The management and treatment of children with Fabry disease: A United States-based perspective

Highlights

• We present consensus guidelines for the management of children with Fabry disease.

• The presence of Fabry symptoms in boys and girls of any age is a strong indication for treatment initiation.

• Treatment should be initiated before irreversible end-organ damage has occurred.

• Asymptomatic children with Fabry mutations should be followed closely.

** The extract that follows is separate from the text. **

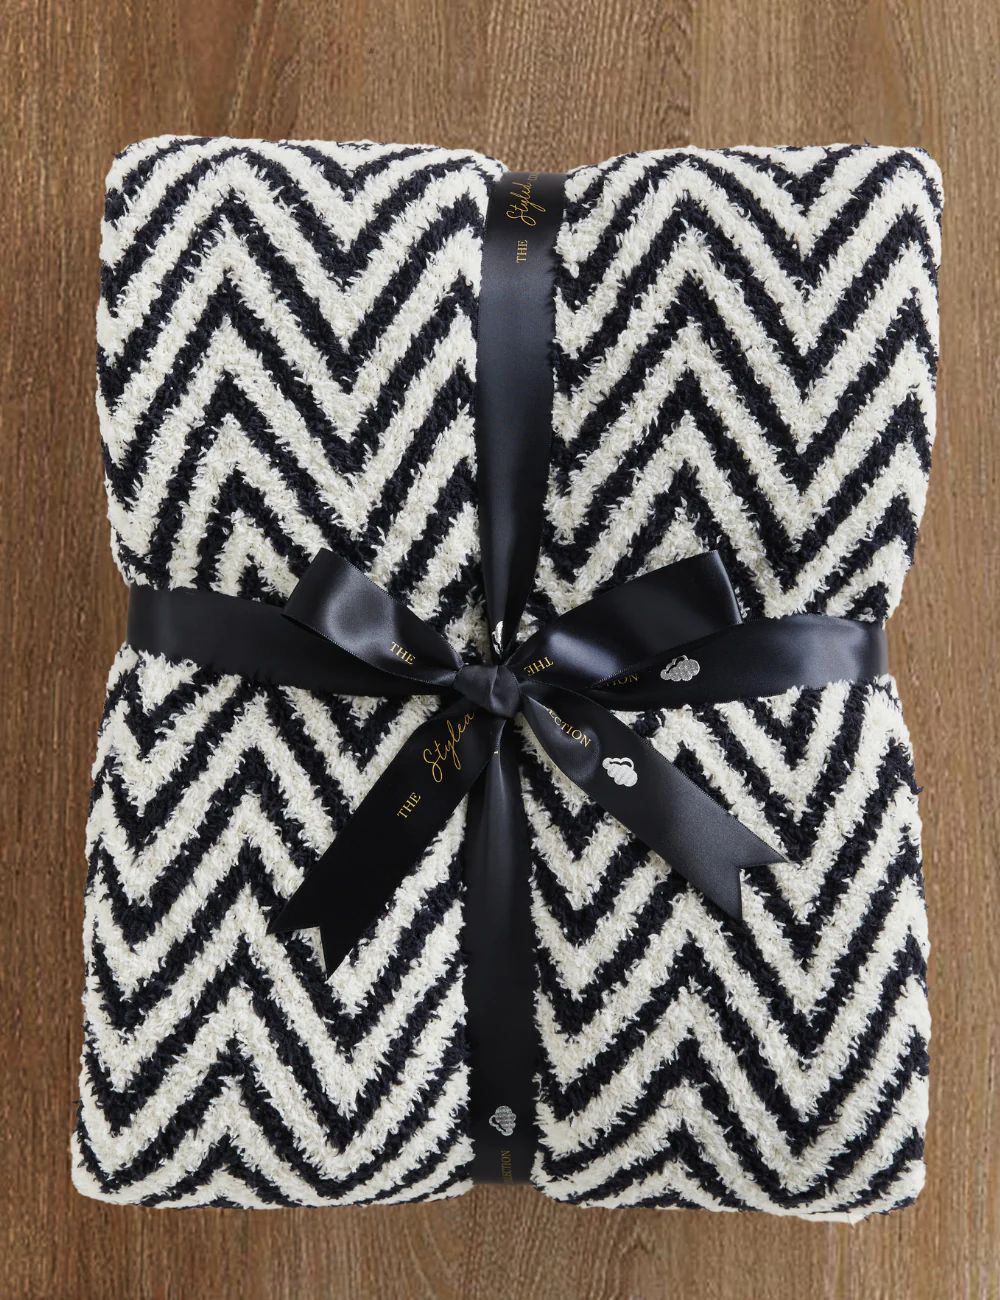 Chevron Buttery Blanket | The Styled Collection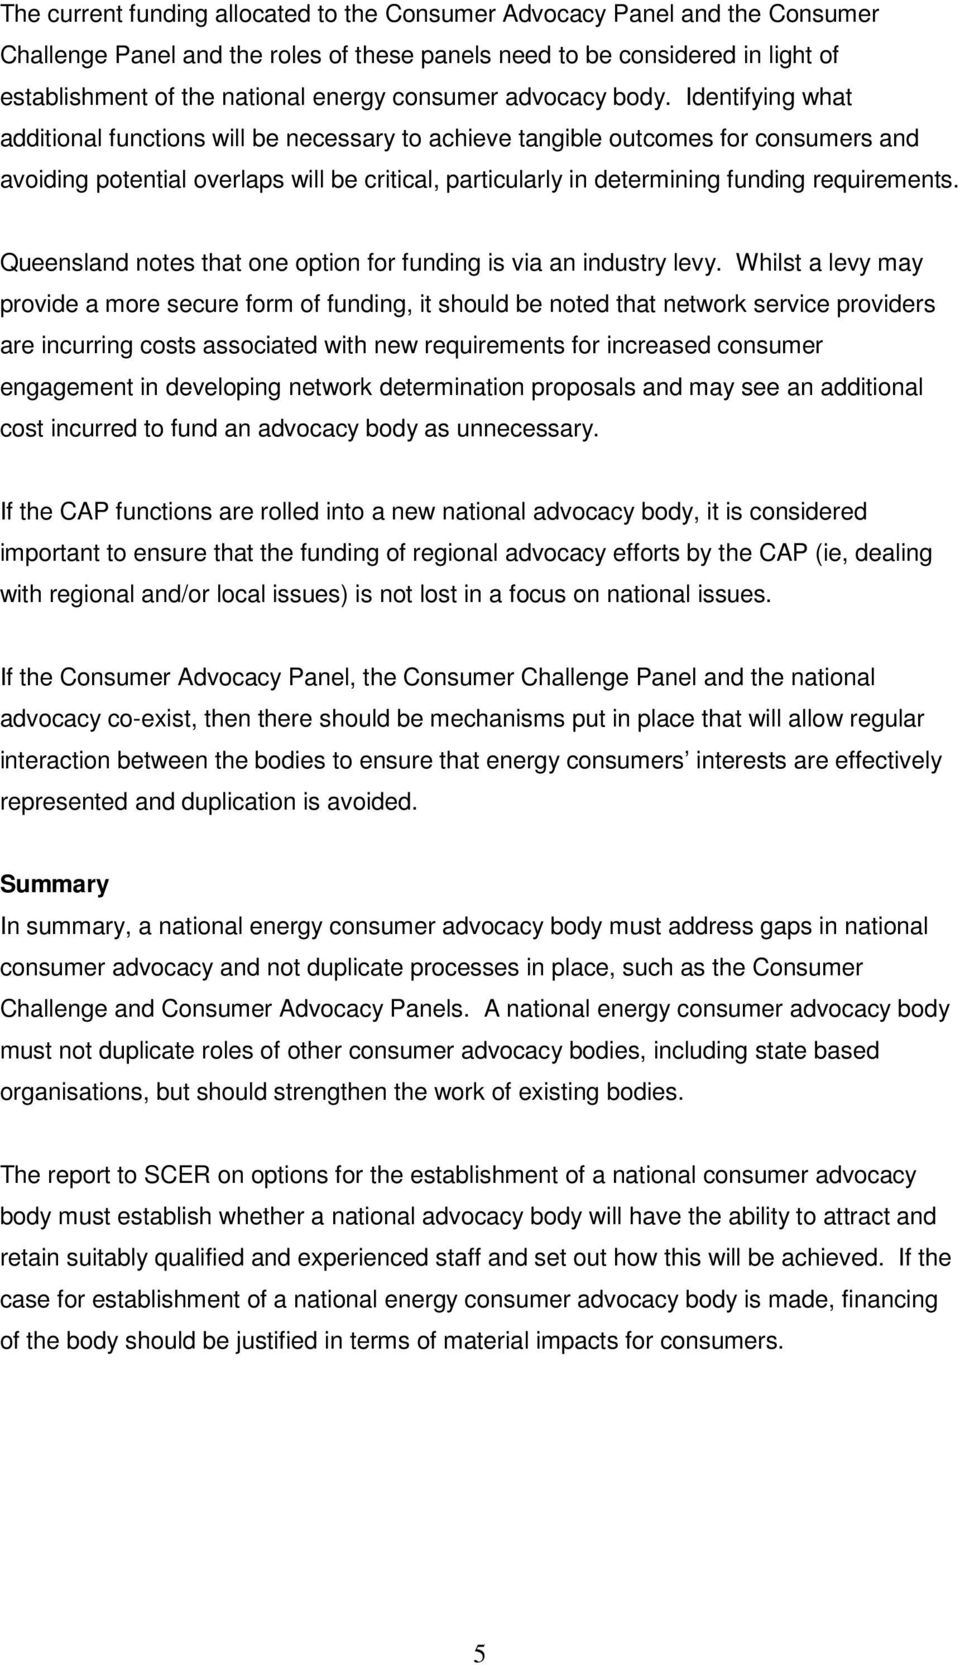 Identifying what additional functions will be necessary to achieve tangible outcomes for consumers and avoiding potential overlaps will be critical, particularly in determining funding requirements.

• The management of Fabry disease requires a multidisciplinary care approach.

Abstract

Fabry disease is an inherited X-linked disorder that presents during childhood in male and female patients. Young patients may initially experience pain, hypohidrosis, and gastrointestinal symptoms. Other manifestations of Fabry disease, such as renal and cardiac disease, manifest later in adolescence or adulthood. In the pediatric population, renal damage is typically subclinical and identifiable only through biopsy. Specialists from the United States with expertise in Fabry disease convened during 2013–2014 in order to develop these consensus guidelines about the management and treatment of children with Fabry disease. The presence of symptoms in boys and girls of any age is an indication to begin therapy. Early treatment before the onset of potentially irreversible vital organ pathology is ideal. Asymptomatic children with Fabry mutations should be followed closely for the development of renal, cardiac, neurological, or gastrointestinal signs, symptoms, or laboratory changes, which would warrant treatment initiation. A comprehensive care plan should be implemented by the treating physicians to guide the management of children with Fabry disease.

Introduction

Fabry disease (FD) is an X-linked lysosomal storage disorder caused by a deficiency in the enzyme α-galactosidase A (α-GAL) due to mutations in the GLA gene. This enzyme deficiency results in an accumulation of globotriaosylceramide (GL-3) and related glycolipids, which begins a cascade of events often resulting in fatal end-organ damage to the kidneys, heart, and brain [1]. The first debilitating clinical symptoms of FD emerge in childhood and include neuropathic pain, hypohidrosis, and gastrointestinal discomfort [2], [3], [4], [5], [6] (Table 1). However, the symptoms of FD in childhood may be non-specific, often resulting in a delay in diagnosis for decades [9], [10]. Early differential diagnosis of Fabry disease is therefore important, and the testing of family members and newborn screening allows patients to be diagnosed in infancy or early childhood. Once diagnosed with FD, comprehensive regular monitoring with tracking of disease progression is important and may contribute to the decision of when to start therapy.

As expected for a rare disease, large-scale, prospective randomized controlled trials testing the long-term efficacy of proactive interventions, including assertive management of symptoms and early disease-specific treatment initiation, remain limited. Nevertheless, there is broad expert-level consensus, supported by recent and emerging studies [11], [12], [13], that treatment of FD should be initiated sufficiently early to limit or prevent significant, irreversible end-organ damage. Treatment should be started early, ideally when Fabry-related symptoms emerge or significant organ pathology is detected, in order to achieve maximal impact on the long-term consequences of FD, reduce suffering, and increase quality of life.

Timely initiation of enzyme-replacement therapy (ERT) is important because some early pathological changes are potentially reversible by ERT [11]. Importantly, the impact of ERT is reduced if extensive irreversible pathological changes (e.g., fibrosis) have already occurred in major organs [12]. A 10-year study of the effectiveness of agalsidase beta in patients with classic FD has shown that adults who initiated treatment at a younger age and with less renal involvement (urine protein to creatinine ratio ≤ 0.5 g/g and < 50% sclerotic glomeruli) benefited more from therapy [13].

Females with Fabry mutations manifesting FD clinical symptoms should be managed identically to males with symptomatic FD. It has been established that females are not just carriers of GLA mutations, but that they may develop multi-organ injury similar to male FD patients [14], [15]. In addition to active symptomatic management (see below), symptomatic female patients should be treated with ERT. However, female FD patients, including those with active renal or cardiac disease for whom treatment is clearly indicated (and long overdue), are less likely to seek treatment, and they often receive treatment much later than their male counterparts [16], thus often missing a crucial window of opportunity to intervene prior to the development of irreversible end-organ damage.

This document, which began with discussions held at a meeting of the Fabry Expert Panel of United States Fabry specialists convened in November 2013, reviews current practices and available assessment techniques for the monitoring of pediatric patients with FD, and presents consensus recommendations regarding the timing of initiation of ERT and symptomatic therapies in these patients. Other than face-to-face panel discussions, no specific method was used to reach consensus among authors, and areas of disagreement are noted in the text. Although there is considerable overlap with management practices followed in other countries [17], [18], these guidelines address the practices of Fabry specialists in the United States only.